Peringatan (trigger warning): Artikel ini mengandung konten eksplisit tentang perundungan ekstrem yang dapat memicu kondisi emosi dan mental pembaca. Kami menyarankan Anda tidak meneruskan membacanya jika mengalami kecemasan dan meminta bantuan profesional.
Kasus bullying terhadap bocah 11 tahun di Tasikmalaya yang dipaksa menyetubuhi kucing hingga mengakibatkan korban meninggal dunia terus mendapat sorotan.
Pusat Pelayanan Terpadu Pemberdayaan Perempuan dan Anak (P2TP2A), Pemprov Jabar dan Polda Jabar turun tangan untuk mengusut kasus ini.
Berikut fakta-faktan terbarunya:
1. Pelaku Berjumlah 3 Orang
Ketua P2TP2A Kabupaten Tasikmalaya An'an Yuliati menyebut anak yang terkait kasus dugaan perundungan hanya tiga orang saja. Selama ini beredar empat orang anak, tetapi yang seorang lagi tidak mengetahui pasti kejadian karena terlambat datang ke lokasi.
"Hanya tiga orang yang kami dampingi, karena yang satu itu tidak tahu. Dia memang ke lokasi, tapi telat, jadi hanya mendengar ceritanya dari tiga temanya itu. Ketiganya dalam kondisi mulai membaik," kata An'an.
Memang kata dia, awal kejadian ketiga terduga pelaku itu mengalami syok dan ketakutan. Maka saat itu P2TP2A langsung bergerak dan mengamankan pelaku.
2. Pendampingan Terduga Pelaku
Pasca kasus ini mencuat, P2TP2A Kabupaten Tasikmalaya melakukan pendampingan terhadap terduga Pelaku. Anak-anak ini ditempatkan di rumah aman anak untuk mendapat pemulihan psikologis.

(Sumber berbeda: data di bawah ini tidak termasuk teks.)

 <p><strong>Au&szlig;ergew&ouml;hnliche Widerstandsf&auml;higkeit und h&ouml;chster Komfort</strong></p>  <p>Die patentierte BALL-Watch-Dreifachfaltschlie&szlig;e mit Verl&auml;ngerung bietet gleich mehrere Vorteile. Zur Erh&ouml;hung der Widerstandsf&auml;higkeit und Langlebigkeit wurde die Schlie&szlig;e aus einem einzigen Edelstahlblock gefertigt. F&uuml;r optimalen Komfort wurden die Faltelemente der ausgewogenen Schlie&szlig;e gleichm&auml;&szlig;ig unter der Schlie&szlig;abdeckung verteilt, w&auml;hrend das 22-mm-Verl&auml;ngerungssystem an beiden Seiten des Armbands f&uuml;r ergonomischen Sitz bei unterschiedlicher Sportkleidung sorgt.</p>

"Jadi ada tiga anak yang kami dampingi. Ditempatkan di rumah aman. Malahan sama keluarganya juga kami beri pendampingan soal pola asuh anak yang benar," kata An'an Yuliati.
3. Korban Tidak Dipaksa
Fakta baru terungkap dari hasil penelusuran kepada terduga pelaku, P2TP2A mengambil kesimpulan awal. Dugaan kasus perundungan ini tidak 100 persen kesalahan anak-anak.
Akan tetapi kasus ini terjadi juga karena pola asuh yang kurang dari orang tua. Salah satunya penggunaan media sosial yang tidak diawasi.

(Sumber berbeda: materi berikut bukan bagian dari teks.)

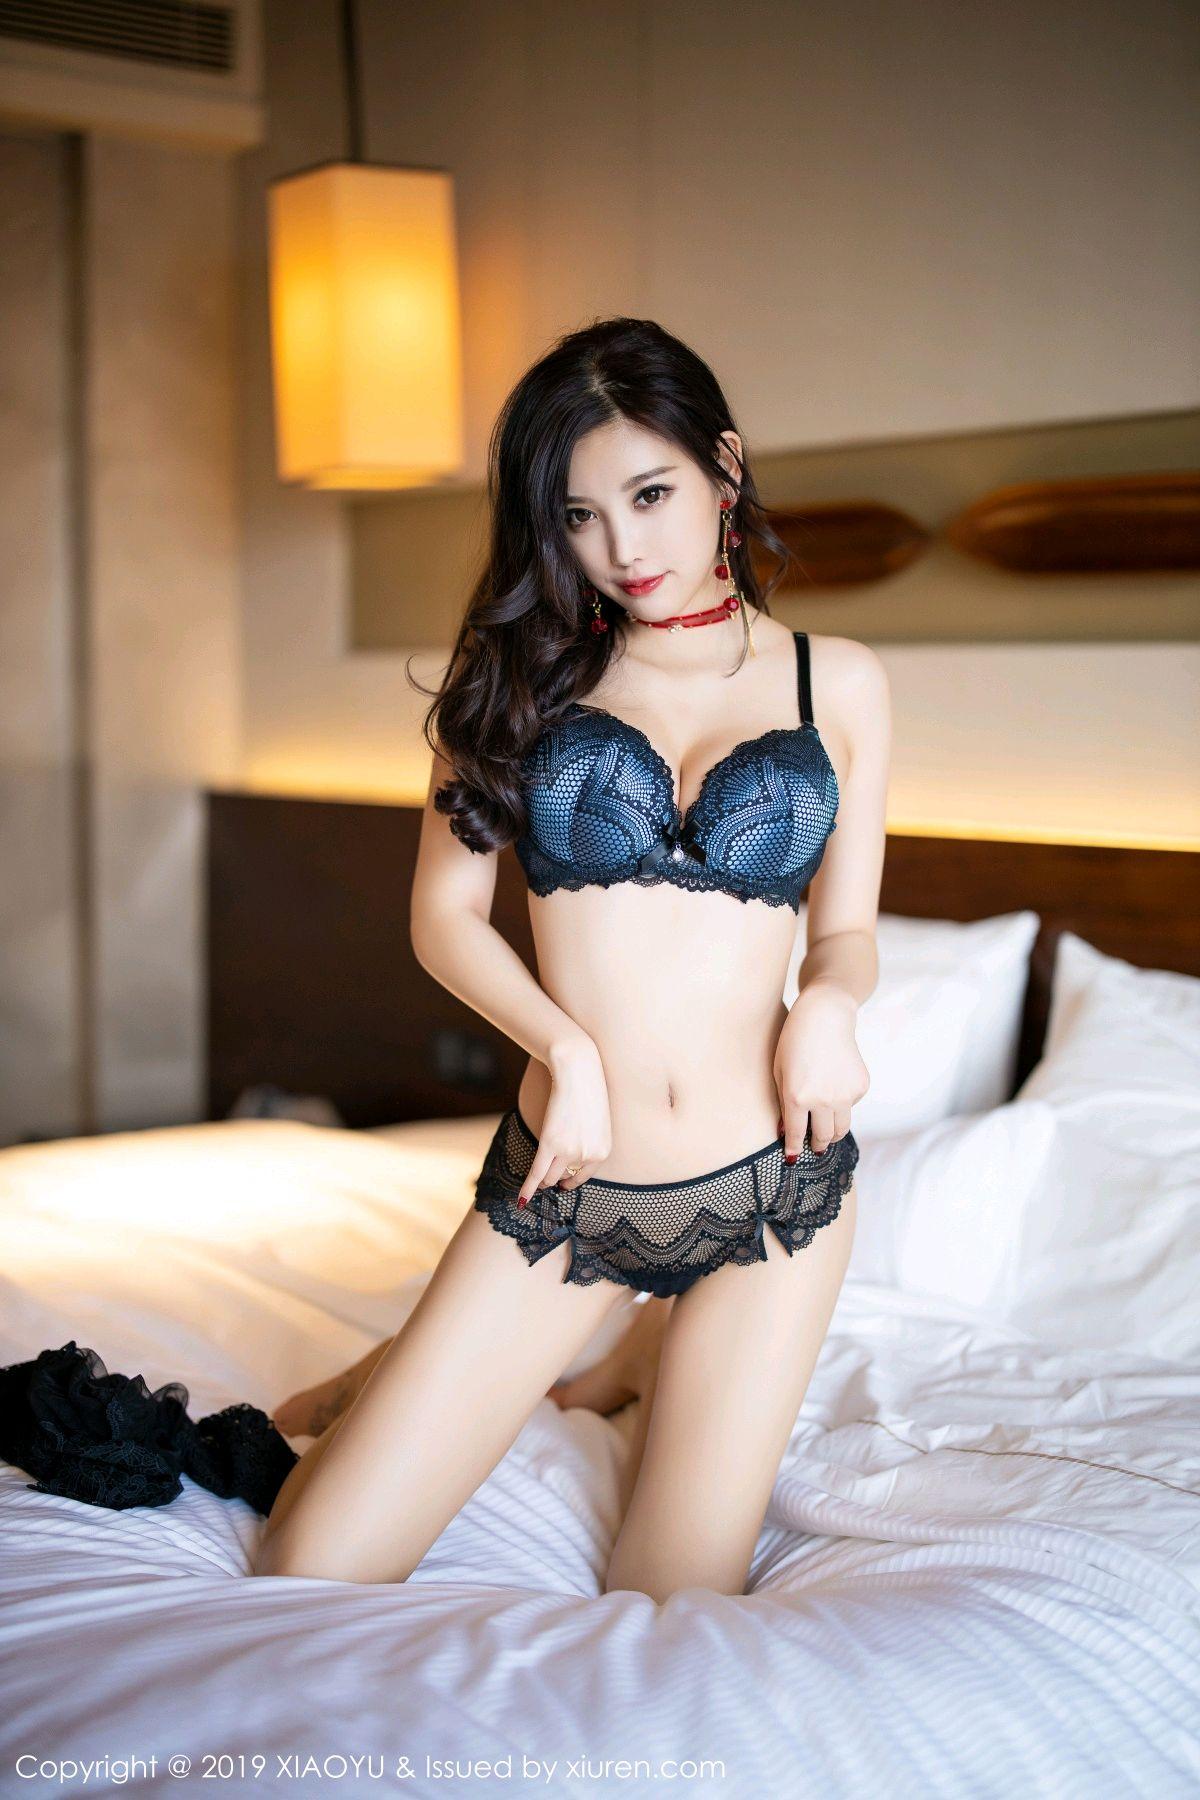 [XiaoYu] Vol.225 Yang Chen Chen 101P, Christmas, Underwear, XiaoYu, Yang Chen Chen

P2TP2A melihat, kejadian ini bukanlah 100 persen perundungan atau bullying, Sebab korban saat melakukan itu tidak dalam paksaan. Namun itu baru dari sudut pandang ketiga terduga pelaku.
"Bukan persoalan perundungan kalau keterangan anak. Soalnya tidak ada paksaan waktu itu. Tapi kami tetap menyatakan itu perbuatan yang salah," ucap An'an Yuliati.
Pengakuan ketiga terduga pelaku itu sejauh ini belum bisa dipastikan kebenarannya. Sebab, korban sudah tidak bisa dikonfirmasi karena sudah meninggal. Sehingga, pembuktiannya akan sulit dilakukan.
"Kami belum bisa memastikanya karena korbanya kan tidak bisa dikonfirmasi, sudah wafat. Sehingga fakta kebenaranya tidak bisa dibuktikan," kata dia.
Sementara untuk memperjelas kronologi peristiwa itu, pihaknya akan berkosultasi terlebih dulu dengan pihak terkait. Yang jelas, P2TP2A terus melakukan pendampingna kepada terduga pelaku.
"Itu akan kita konsultasikan terlebih dahulu untuk penjelasan itu," pungkas An'an.